Direktur Jenderal Pengelolaan Ruang Laut KKP Brahmantya Setyamurti Poerwadi menyampaikan, sejauh ini keberpihakan kepada petambak lokal masih rendah. Untuk itu pihaknya berkomitmen mendorong akses industri bagi petambak lokal agar terwujud konektivitas yang baik.
“Petambak enggak punya akses dan informasi ke pembeli akhir, nah ini mau kita kembangkan bersama. Supaya konektivitasnya terjadi,” kata Brahmantya saat dihubungi Republika, Ahad (13/10).
Misalnya, dia mencontohkan, musim panen garam di Kabupaten Pati beberapa waktu lalu sukses diserap garamnya ke wilayah Cilacap. Di mana, kata Brahmantya, tingkat kebutuhan garam di wilayah tersebut cukup tinggi.
Dia menjelaskan, minimnya akses informasi petambak kepada pembeli akhir ini harus diisi dengan peran pemerintah dari berbagai sektor. Pihaknya pun berkomitmen bakal memfasilitasi petambak dengan informasi pasar yang baik dengan menggandeng beberapa kementerian teknis terkait seperti Kementerian Perindustrian (Kemenperin) dan juga Kementerian Perdagangan (Kemendag).

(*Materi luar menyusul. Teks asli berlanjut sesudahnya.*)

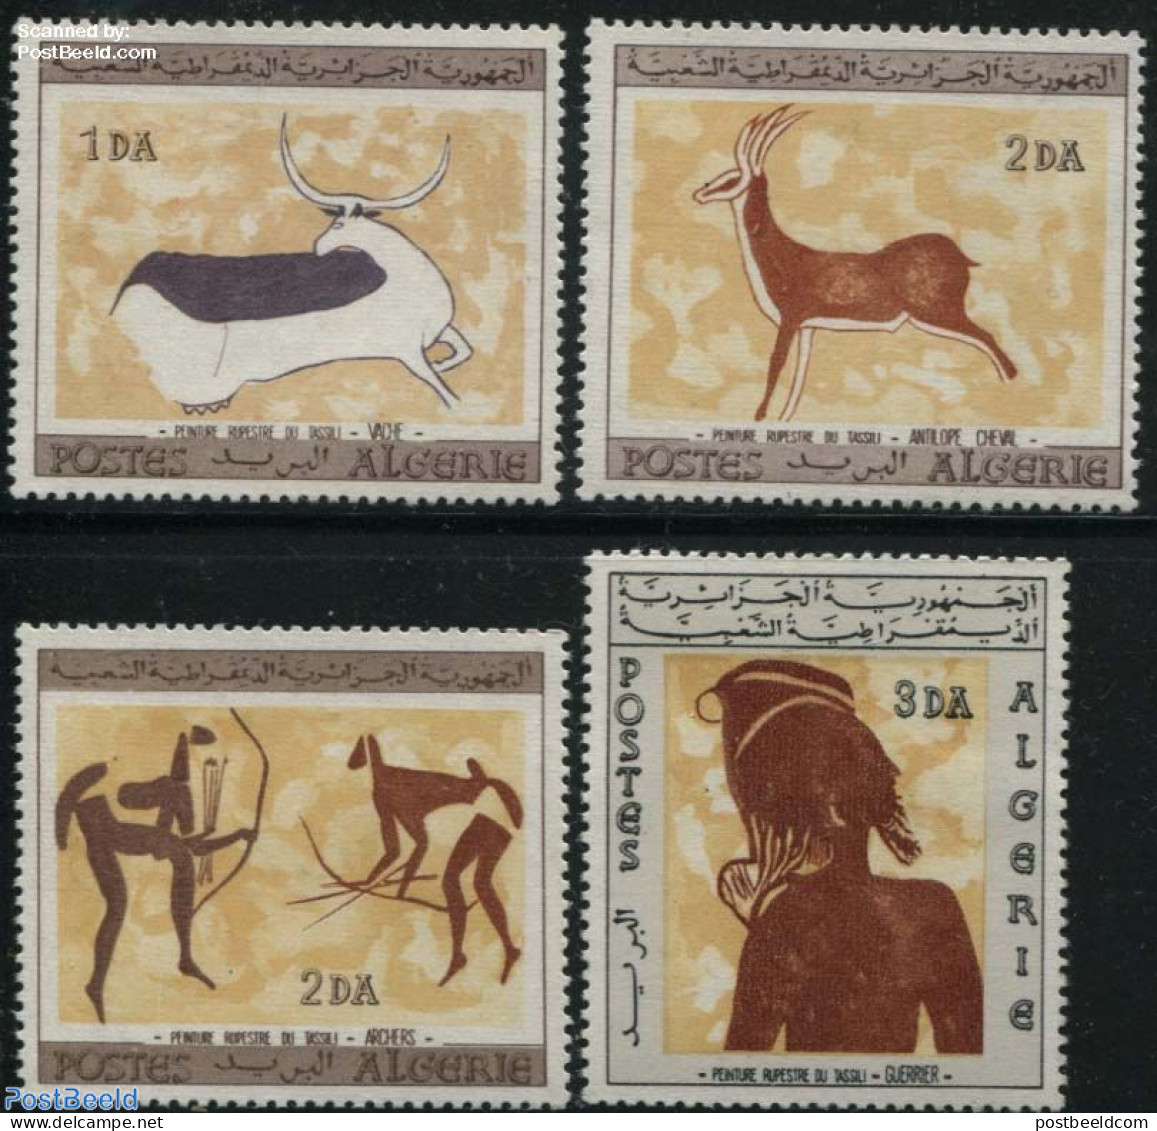 Algeria 1967 Tassili Rock Paintings 4v, Mint NH, Art - Cave Paintings - Unused Stamps

Seperti diketahui, harga garam petambak lokal kerap anjlok seiring adanya kuota impor garam industri. Brahmantya menyebut, impor garam industri yang masif tersebut riskan terhadap kebocoran garam konsumsi di pasaran. Menurut dia, penggunaan garam lokal bagi industri bisa dimungkinkan asalkan ada keberpihakan dan kerja sama yang solid.

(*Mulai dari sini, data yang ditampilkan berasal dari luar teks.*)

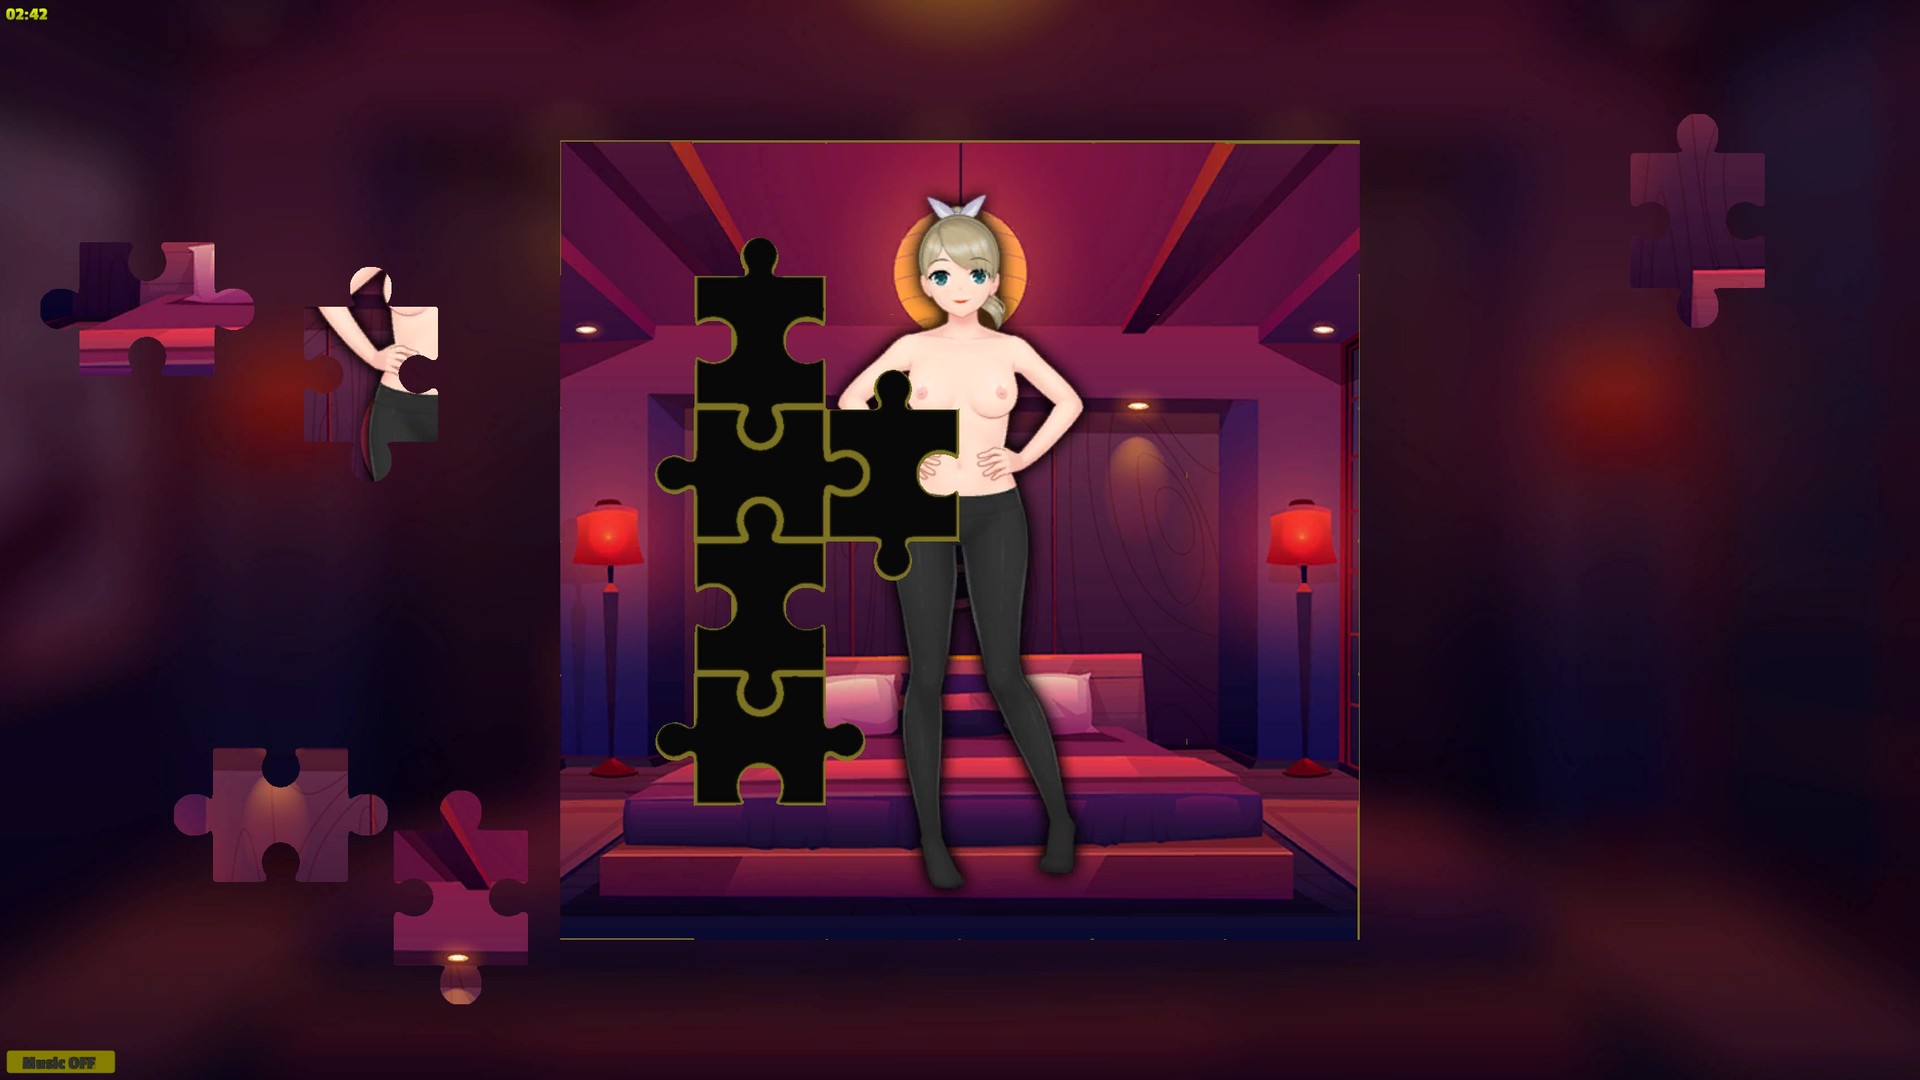 Hentai Jigsaw Girls - Artbook DLC Steam CD Key

“Yang rembes-rembes itu kan garam impornya juga ada, kita tahu lah. Makanya kita perlu beri akses industri ke petambak kita, ini soal keberpihakan saja kok,” kata dia.
Terkait dengan revisi Peraturan Presiden (Perpres) Nomor 71 Tahun 2015 yang memasukkan kembali garam menjadi barang pokok agar bisa ditetapkan harga acuannya masih menunggu keputusan Presiden Joko Widodo. Pihaknya menyebut sejauh ini keputusan teknis itu masih digodok di Kemendag dan bakal dikomunikasikan lebih jauh kepada KKP jika terdapat hal yang perlu dikordinasikan secara teknis.

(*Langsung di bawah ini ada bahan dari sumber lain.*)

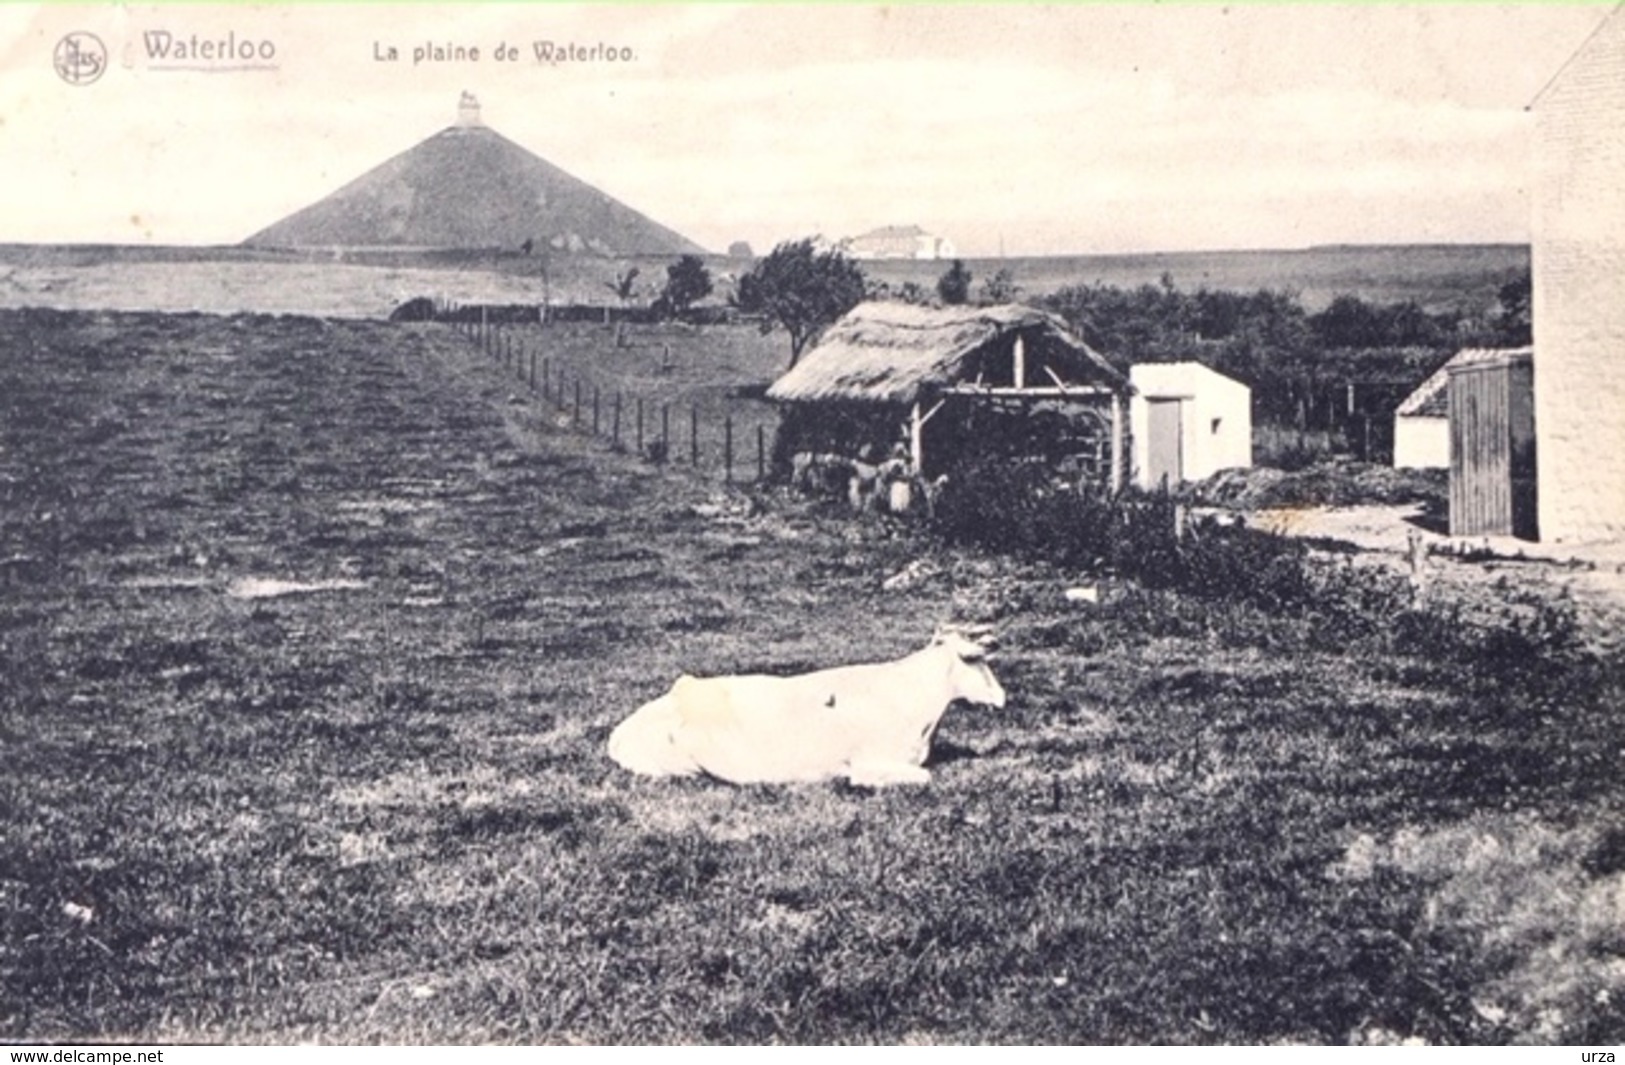 Waterloo-La Plaine De Waterloo-1912-Oh La Vache - Waterloo

Sambil menunggu itu, dia menyebut pemerintah perlu bersama-sama menjalin keberpihakan yang konkret bagi petambak lokal. Dia meminta kepada Kemenperin untuk membuka akses bagi petambak ke sektor industri.
Sekretaris Jenderal Persatuan Petambak Garam Indonesia (PPGI) Waji Fatah Fadhilah mengakui, minimnya akses informasi terhadap sektor industri membuat petambak lokal sulit menjual hasil produksi garamnya. Padahal, kata dia, petambak lokal mengklaim mampu bersaing baik secara harga dan kualitas.
"Kalau ada aksesnya, kami siap bersaing. Dari harga dan kualitas," kata Waji.
Minimnya akses ke dunia industri bagi petambak bukan berarti tak ada satu pun petambak yang menjalin kerja sama dengan sektor industri pabrikan. Menurut dia, dengan kualitas Garam Premium Lokal (GPL) petambak dapat masuk ke dunia industri.